Born August 25th, 1930, he dedicated 53 years to football, basketball and baseball officiating, driving thousands of miles and working thousands of games. “More games than I can remember, even if I wanted to,” he shared with me last September. And remarkably, he worked up until his 90th year. This past spring’s baseball season was the first he missed since he started.
But perhaps his biggest contribution to area sports was the hundreds of officiating partners who can say they worked with him…and dozens of others who can say they got their start in officiating because of Ron Duncan.
“He touched us all,” said veteran Miami Valley official Kevin Forror recently. “Anyone who ever worked with Ron came away impressed with his commitment to his craft. He was one of the first in this area to really take officiating seriously.”
“People noticed Ron when he worked,” says another partner from his era, Steve Partington. “He set a standard by which many of us followed. He was good, he was fair, and he was dependable. But the best thing I can say about Ron was…he was a friend.”
He shares a birthday with actor Sean Connery (August 25, 1930), and other notables, including composer Leonard Bernstein, TV personality Regis Philbin, and whiskey magnate Jim Beam. And he recently joked that while sharing the date was gratifying, it was more satisfying to say that he’d outlived them all.

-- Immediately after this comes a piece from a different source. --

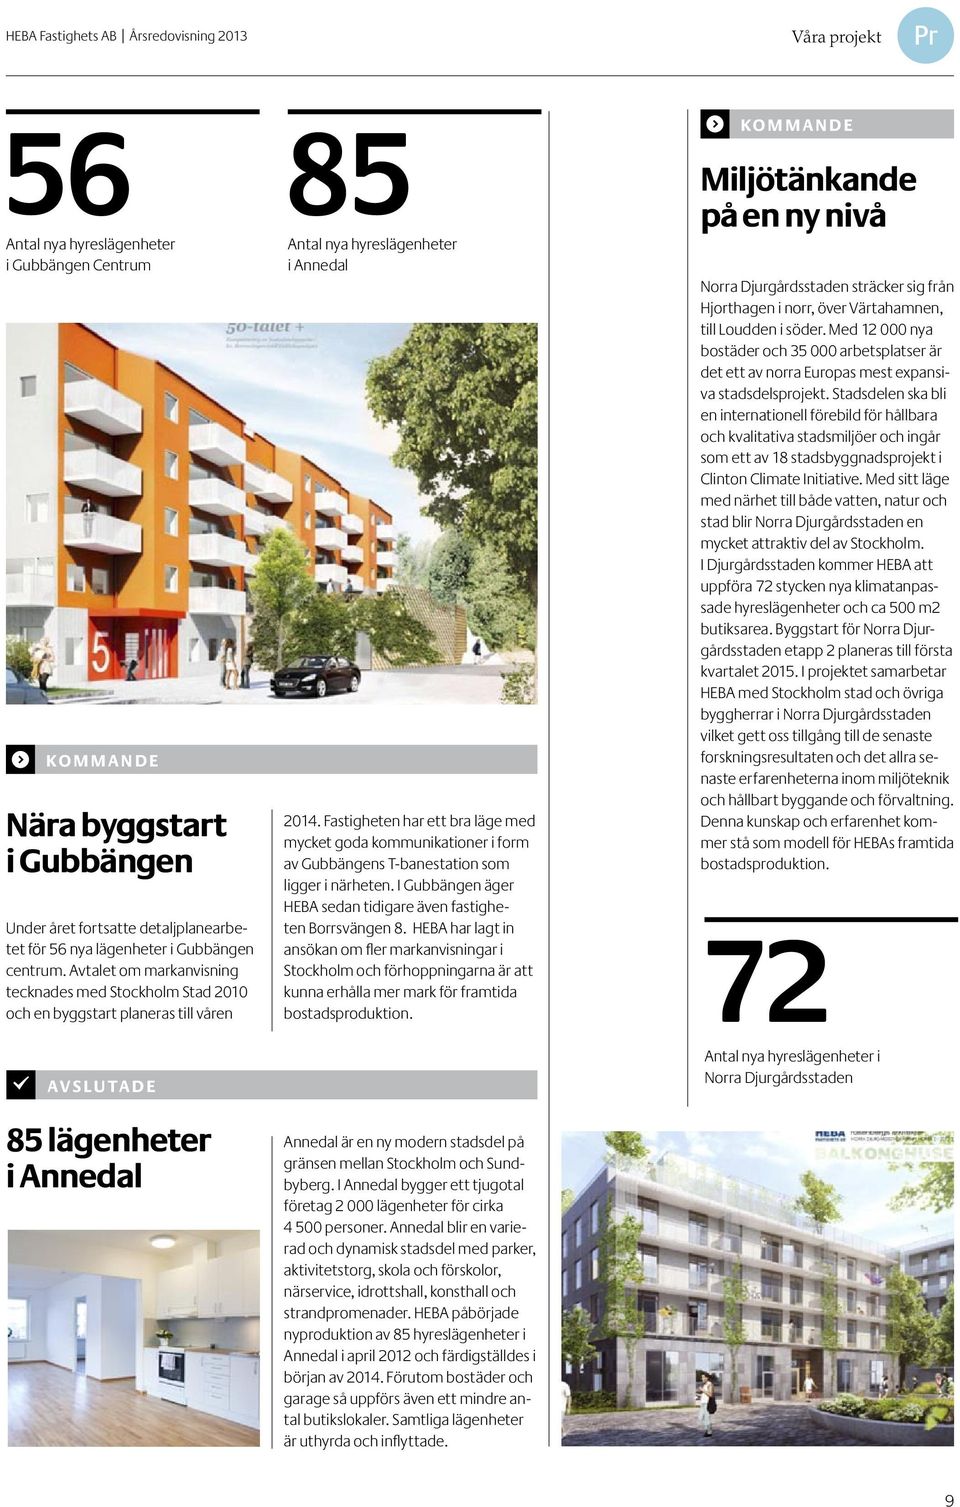 AVSLUTADE 85 lägenheter i Annedal 85 nya hyreslägenheter i Annedal 2014. Fastigheten har ett bra läge med mycket goda kommunikationer i form av Gubbängens T-banestation som ligger i närheten.

Ron Duncan had a wonderful sense of humor.
He also had the honor of having worked more OHSAA state baseball Finals in succession than anyone in the history of Ohio baseball, a mark that will NEVER be broken – 21 consecutive years, the last coming in June of 2001. In comparative terms, he was the Doug Harvey of Ohio high school baseball umpires.
“I know it won’t be broken,” he laughed during our interview time together this past September. “They changed the rule in 2002. No one can work in consecutive years anymore.”

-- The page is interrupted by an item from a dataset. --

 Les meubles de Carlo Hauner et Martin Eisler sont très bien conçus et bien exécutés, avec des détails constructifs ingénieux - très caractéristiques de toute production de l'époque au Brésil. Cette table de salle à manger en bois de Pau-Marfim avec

“He gave me my start in officiating,” says son Joe, who worked football in the MAC and Big Ten conferences for a quarter of a century, before retiring six years ago.
“On the same day I got my officiating license Dad was working a game in St. Henry, and as it turned out they were short a line judge. So he said to me, ‘You’re the line judge tonight.’ That was all there was to it and no one gave it second thought back then. It wouldn’t be that way now.”

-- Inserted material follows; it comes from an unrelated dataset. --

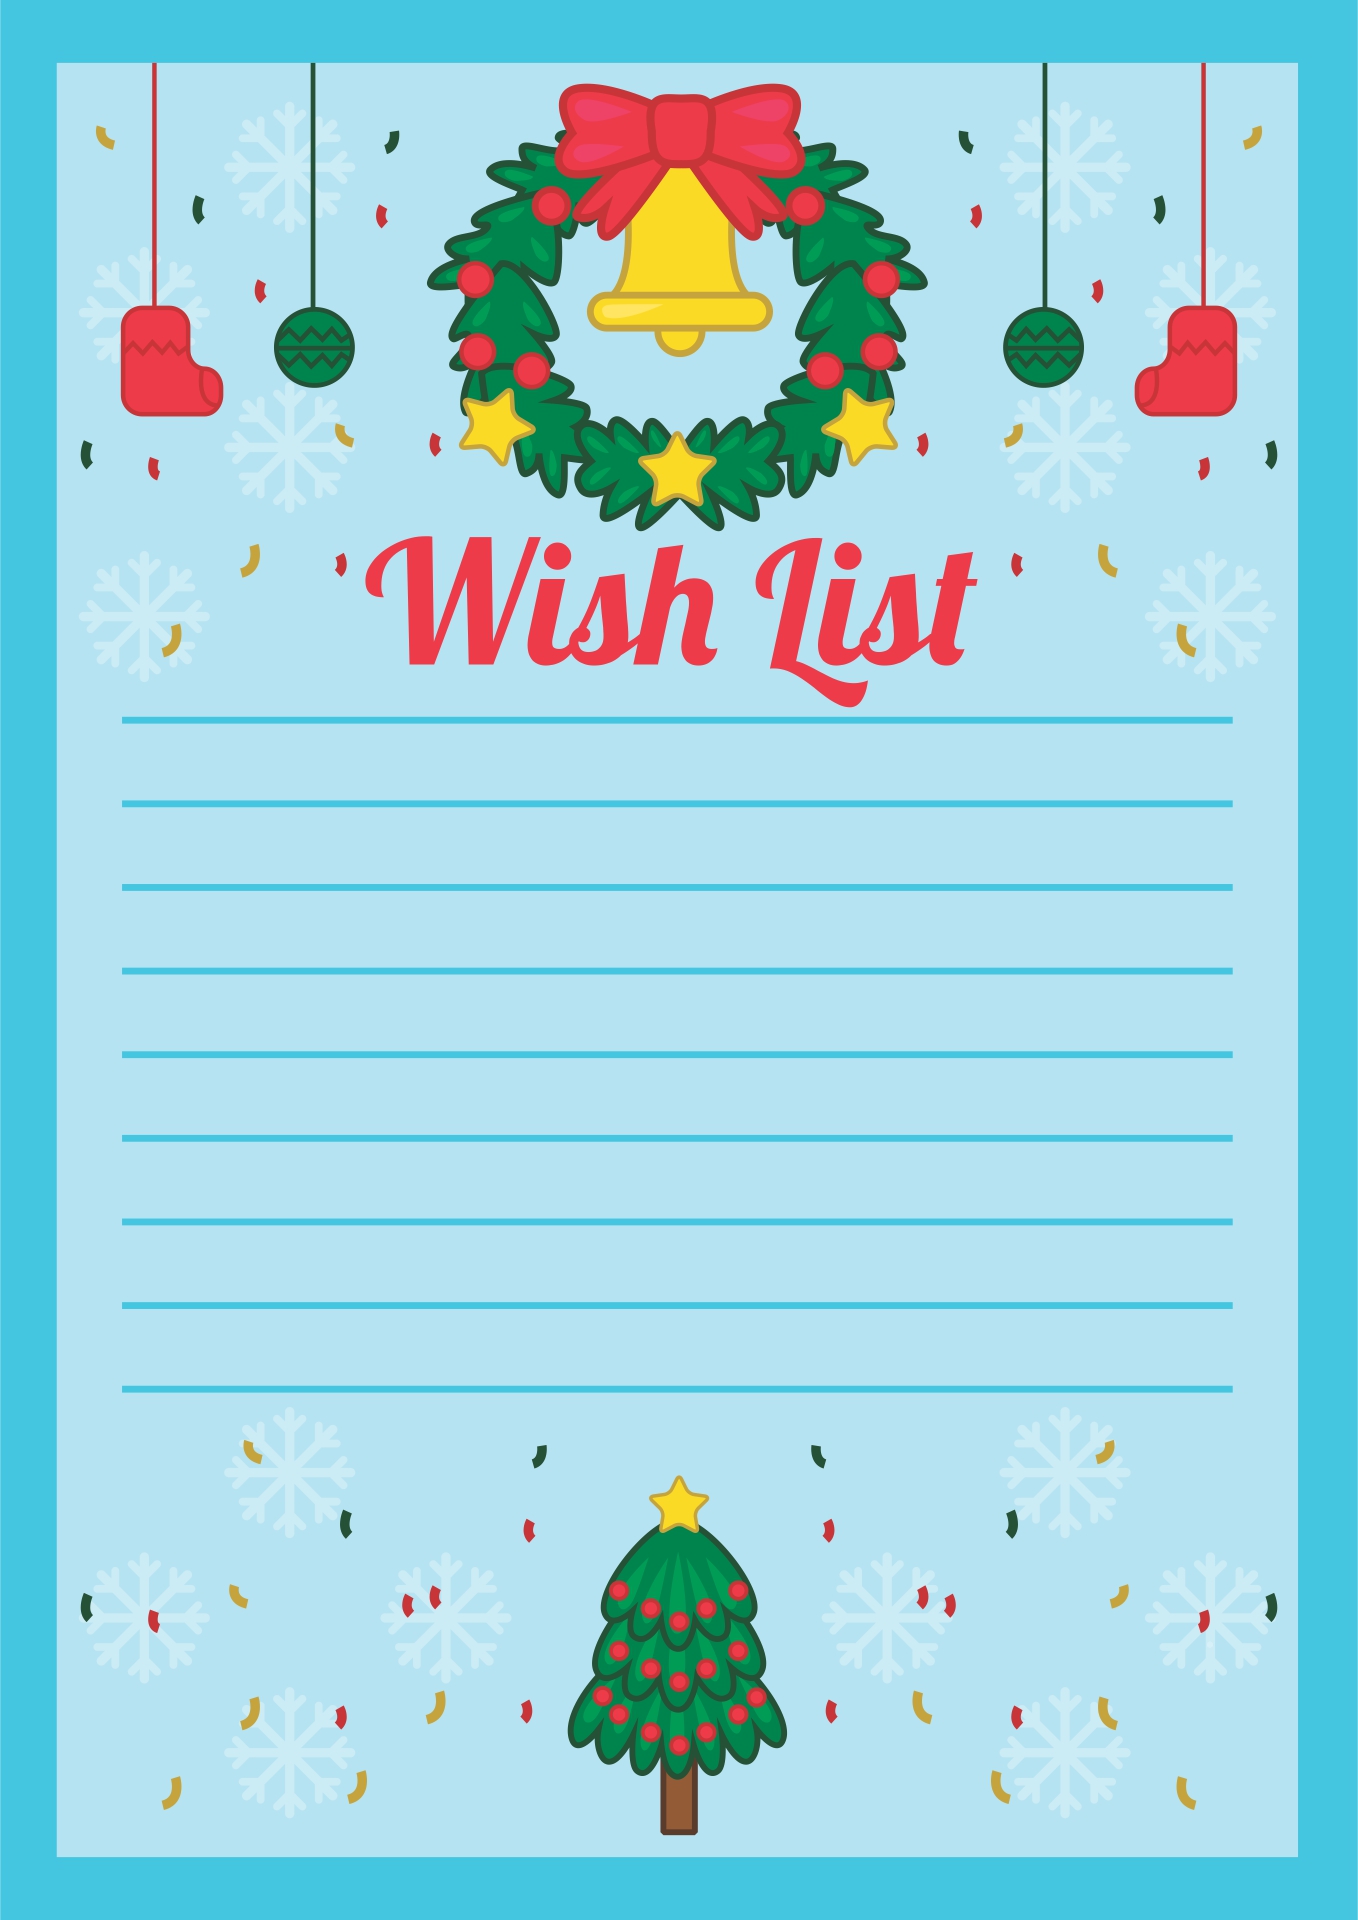 Printable Christmas Wish List Templates

For the past three decades he’s assigned officials for the GWOC, the Western Ohio League, the Cross County Conference…and is a member of three halls of fame – including the OHSAA Officials Hall of Fame and the Miami Valley Baseball Coaches Hall of Fame. But when you talked with Ron he made the point…that the game, and not the $25 he made working, was always his highest priority.
“I’ll tell ya’, I met him once, in a restaurant in Phoenix during spring training,” says hall of fame writer and Press Pros columnist Hal McCoy. “And I knew immediately that he was knowledgeable, he had integrity, and that he loved baseball. And over the years since every time I mentioned Ron’s name to someone they told me that he was a great official – fair, committed, and a good guy, to boot.”
My personal most memorable moment with Duncan came at the last state baseball tournament held in Columbus in 2018. During a rain delay Duncan and I talked about umpiring and I shared some of my own experiences from eight years of working professionally in the minor leagues. I asked him how he coped with missing a call…because everyone who’s ever worn the mask has missed a few.
“On your worst day,” he said. “…on your worst day you’re going to be right 75% of the time as an umpire. What player can say that? Because even a .300 hitter fails 70% of the time. When you think of it that way…the officiating is always better than the baseball, itself.”
With sincerest condolences to his family and the thousands of people he touched, I’m going to miss that.
Every one of us who knew him…is going to miss Ron Duncan!